I'm beginning to agree with this. The big issue (besides convincing him to go, which the cousin would actually help me do), is we just don't have the time. He is a regional account manager for a major brand and travels every single day. He might drive 3 hours in the morning to see one client and then turn around and drive to the other side of the state to see another and get home at 8 or 9 that night. I have regular hours and work primarily out of one location, or at the least another location in the city, so I could make it work. It is DH's first year in this position and that has put a lot of stress on him. I don't know that I can ask him to add more right now.
Anonymous
Ahhhh. OK. I do think knowing the ages helps to put this more in perspective. Personally I think I would talk with your husband about being concerned the two of you are not connecting emotionally. I would leave the cousin out of the discussion.

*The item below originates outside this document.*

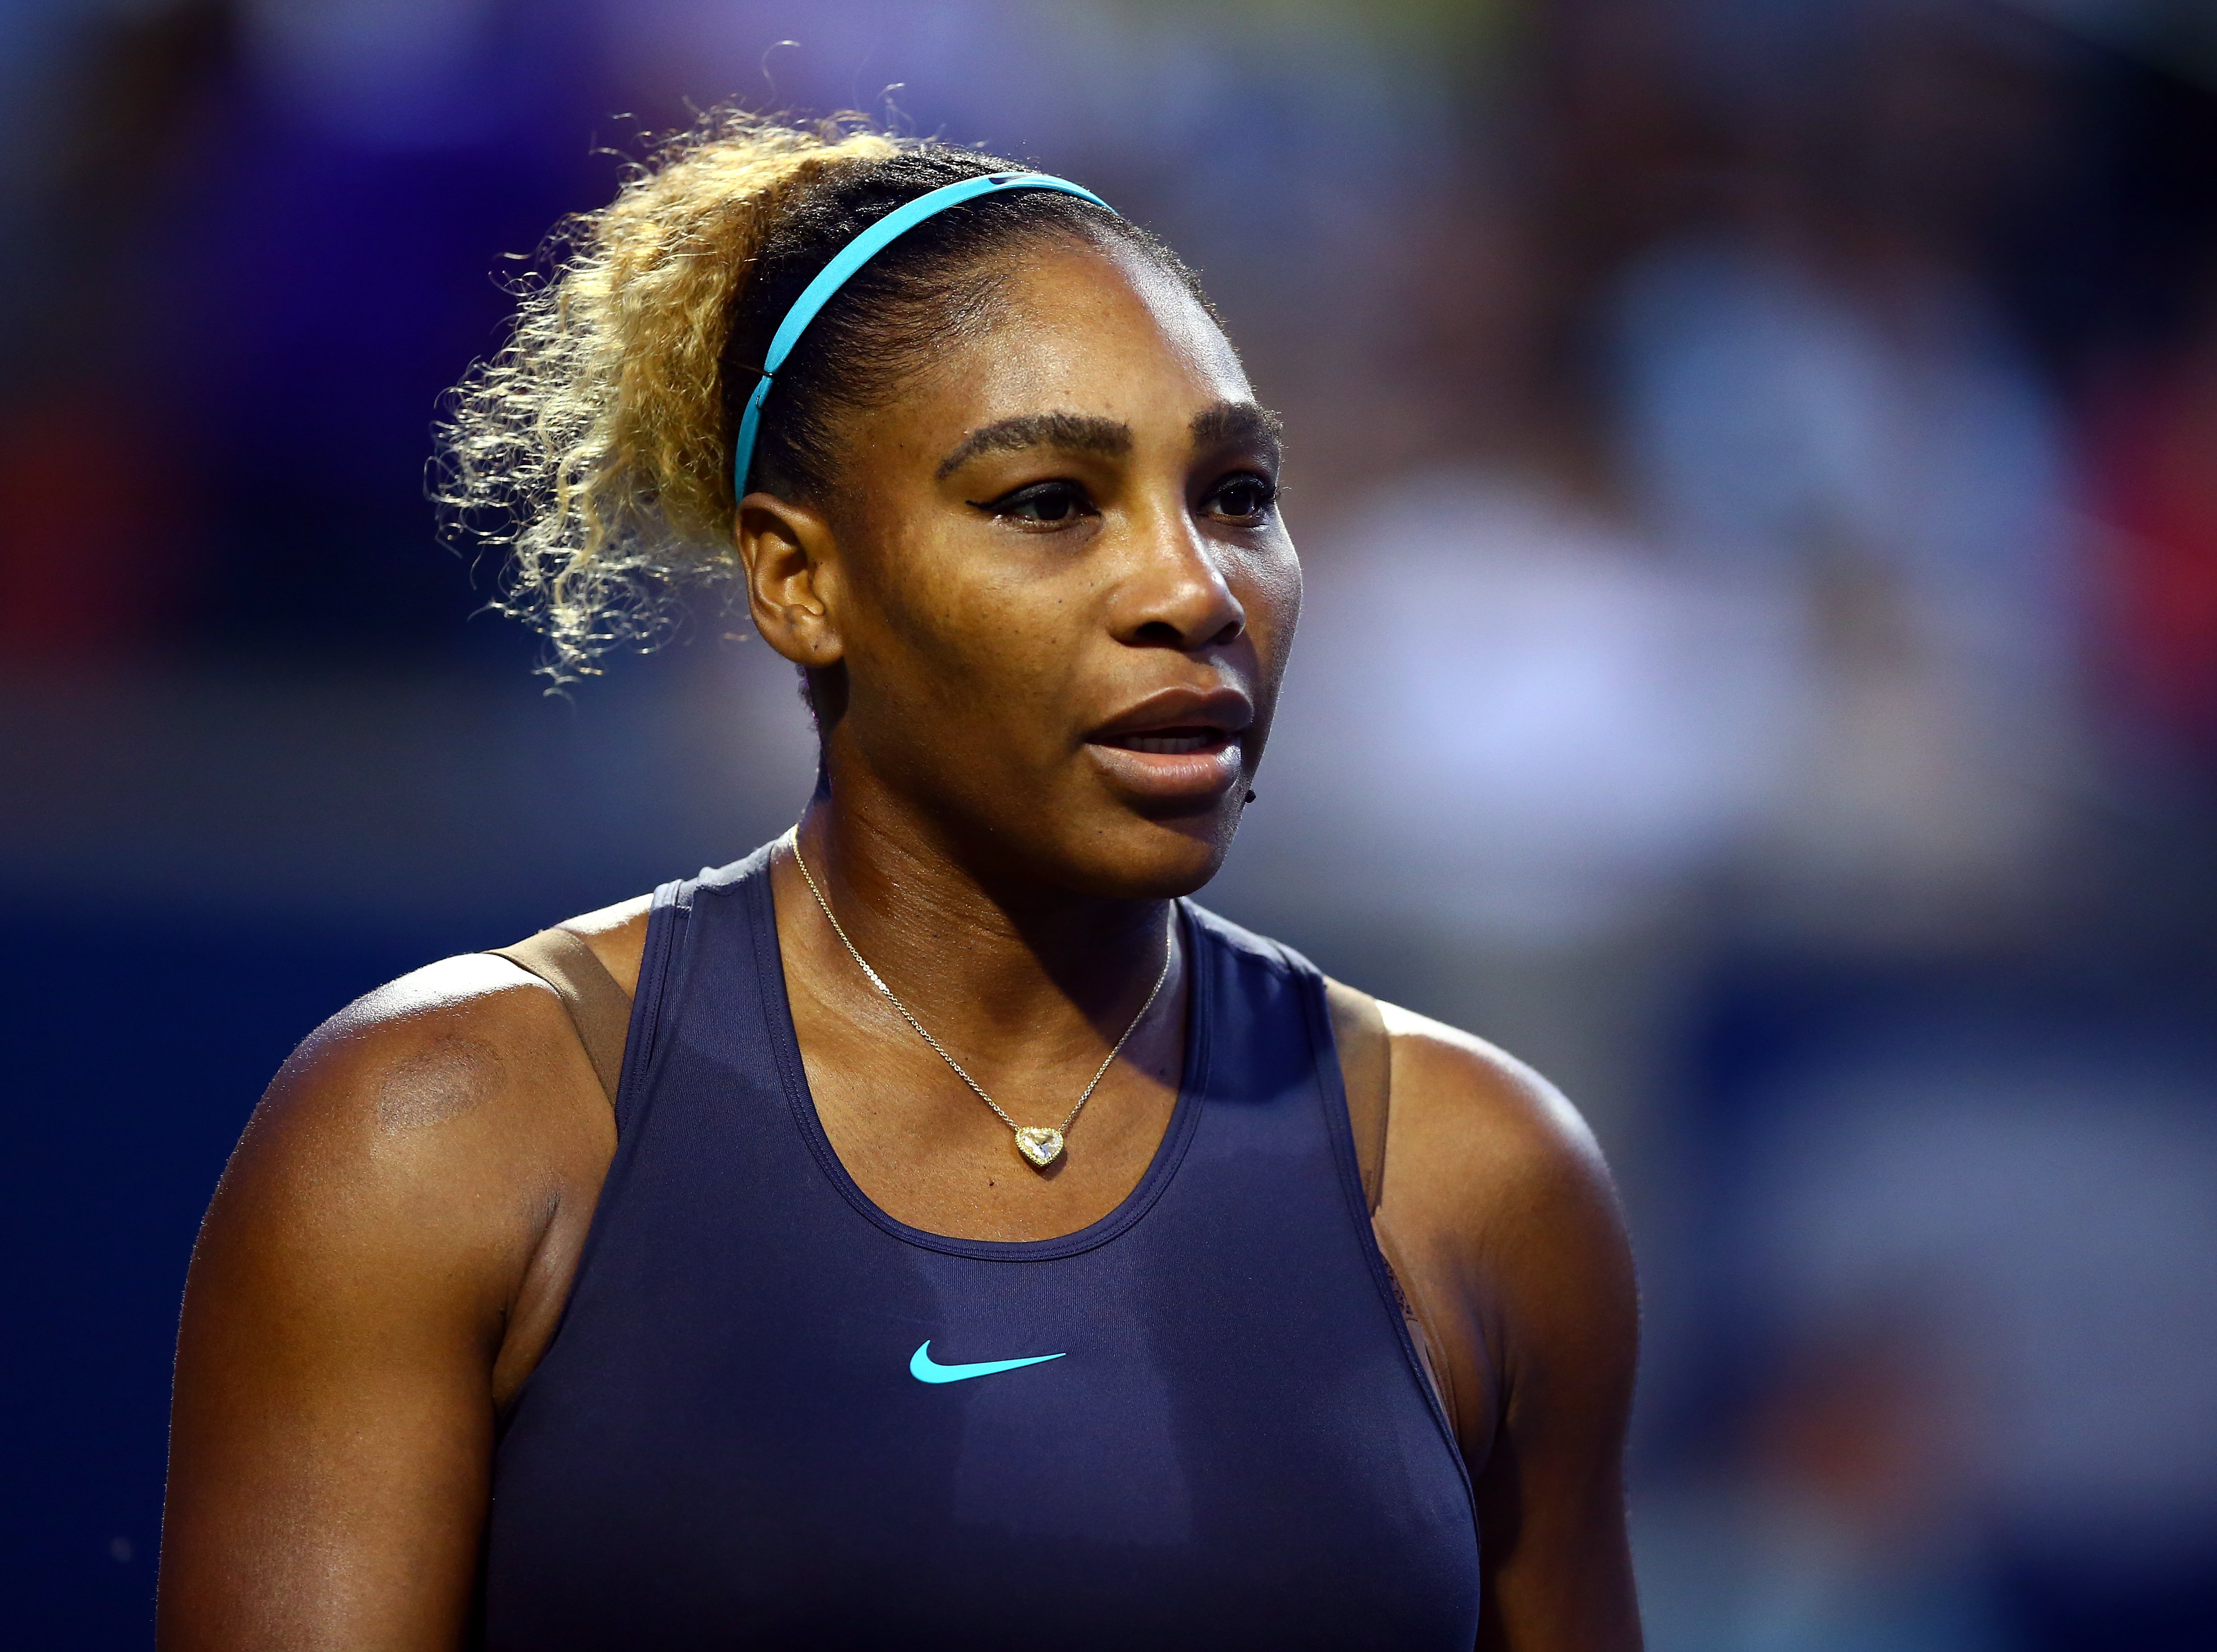 Serena Williams on Day 9 of the Rogers Cup at Aviva Centre on August 11, 2019. | Photo: GettyImages

The cousin is 25. That is young and I'm going to guess she is not in a serious relationship. I think if you are patient and give this some time, it is going to die a natural death. I would work on building your relationship with the younger cousin -- it sounds like you are already friends. I think in about 10 years she's going to come to you and say something like, you must have wanted to kill me when you first got married!
Anonymous
I had a similar issue but with a work-wife. At one point I sat down with DH and said, "I want you to be able to tell me things. I want to be your best friend, the one you turn to…" I pointed out some famous power couples and said, "see how they work together?" (not that I want us to be a power couple but you get the idea)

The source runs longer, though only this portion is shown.